Комментарий Роже не смутил меня и не заставил изменить решение. Он мог бы вынести такое суждение о стране в целом.
Я отправилась в Виннебу утром третьего января 1964 года и единственный раз за все время, проведенное в Гане, преодолела расстояние от Аккры на скорости сорок миль в час. Потом я превратилась в летающий болид, нагоняющий страх на окружающих (права приобрела за деньги, как было принято в Гане, где все покупалось и продавалось). Профессиональный инструктор дал мне несколько уроков, но в двигателе я не разбиралась и едва знала, куда наливают воду, а куда – масло. До третьего января я никогда не сидела за рулем одна, к счастью, тот день был воскресным и машин поблизости не наблюдалось. Несколько коров щипали траву в лугах бок о бок с козами. Деревни, мимо которых я ехала, выглядели процветающими, вокруг церквей группировались дома, в просветах между ними мелькало море цвета маренго. Я испытывала противоречивые чувства. Меня успокаивала мысль о том, что теперь мои дети будут счастливы – вкусно накормлены, красиво одеты, ухожены и обласканы, – но я расстраивалась при мысли о расставании с Аккрой и новыми друзьями. Какая жизнь меня ждет? Опасения оправдывались: Институт экономики и политических наук Кваме Нкрумы, расположенный в бывшей рыбацкой деревушке, оказался очень уродливым и сразу мне не понравился. Несколько жалких хижин все еще стояли на пляже среди отбросов и мусора, но все остальное выглядело по-современному бездушным. В тридцати кирпичных, лишенных всякой индивидуальности строениях с крошечными садиками жили сотрудники, в основном иностранцы. Дома выстроились дугой вокруг учебных корпусов – двух бетонных многоэтажных зданий. В маленьком, тоже бетонном строении расположились амбулатория и гипермаркет.

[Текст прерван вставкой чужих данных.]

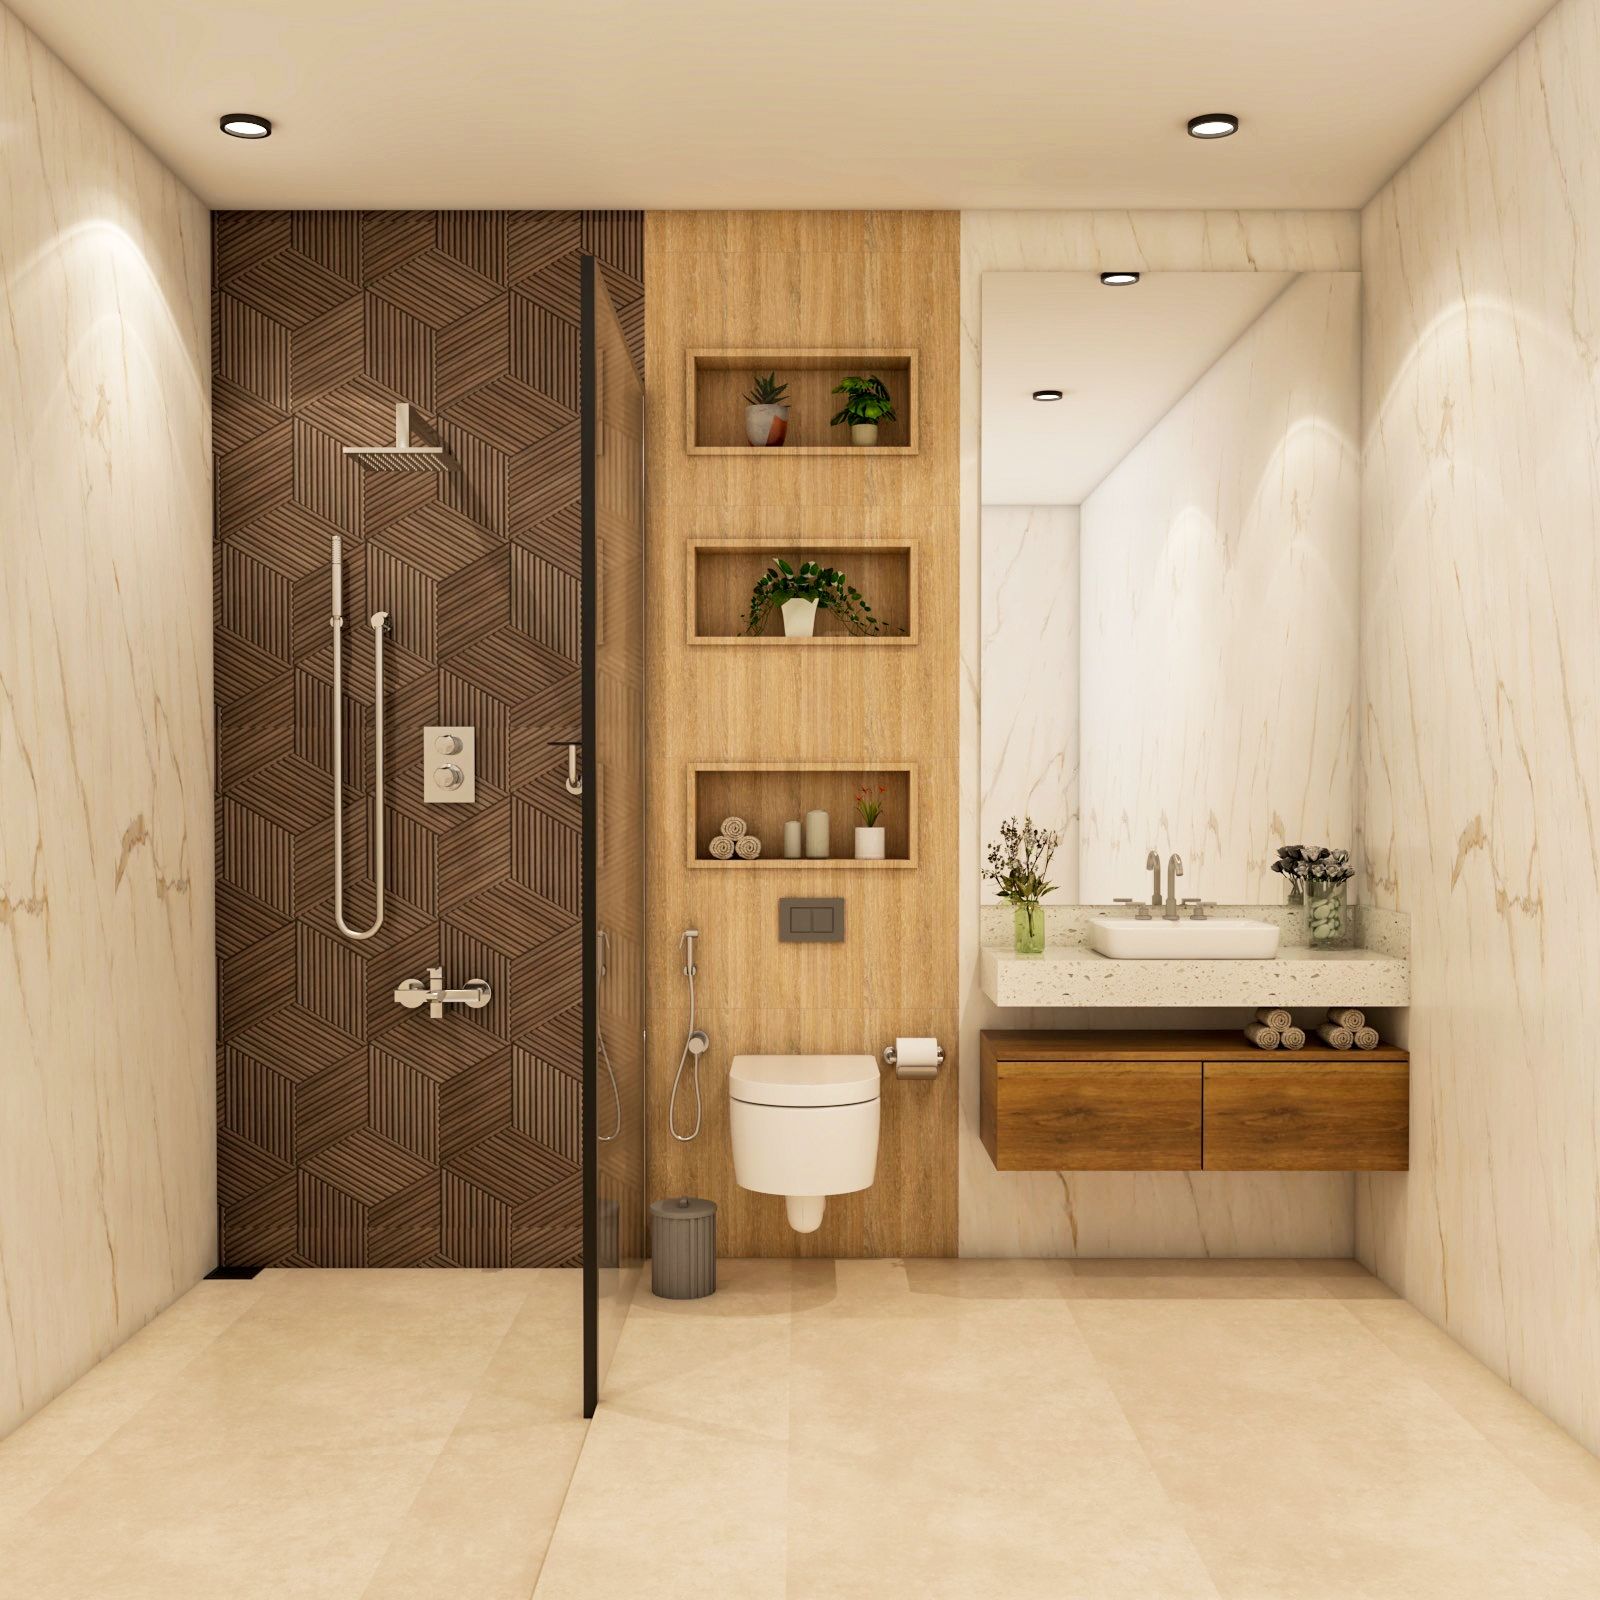 Contemporary Beige And Brown Bathroom Interior Design

Институт экономики и политических наук был любимым детищем Кваме Нкрумы, воплощением одного из самых дорогих его сердцу мечтаний: собрать пламенных участников националистических африканских движений, чтобы они распространяли и пропагандировали идеалы панафриканизма и социализма. Учились в заведении разные люди. В один год тут «наставляли» полномочных послов Ганы в неафриканских странах, в другой – приняли настоящих террористов, способных на разнообразную революционную деятельность.
Самым невероятным элементом этого архитектурного ансамбля была гигантская статуя Кваме Нкрумы с книгой в руке. Стояла она в центре площади его же имени, поскольку Виннеба являлась местом такого культа личности, какого я и вообразить не могла. В школе до и после уроков ученики и учителя собирались во дворе и очень торжественно хором пели у флага с черной звездой: «Осагьефо (имя, данное президенту) никогда не умрет!»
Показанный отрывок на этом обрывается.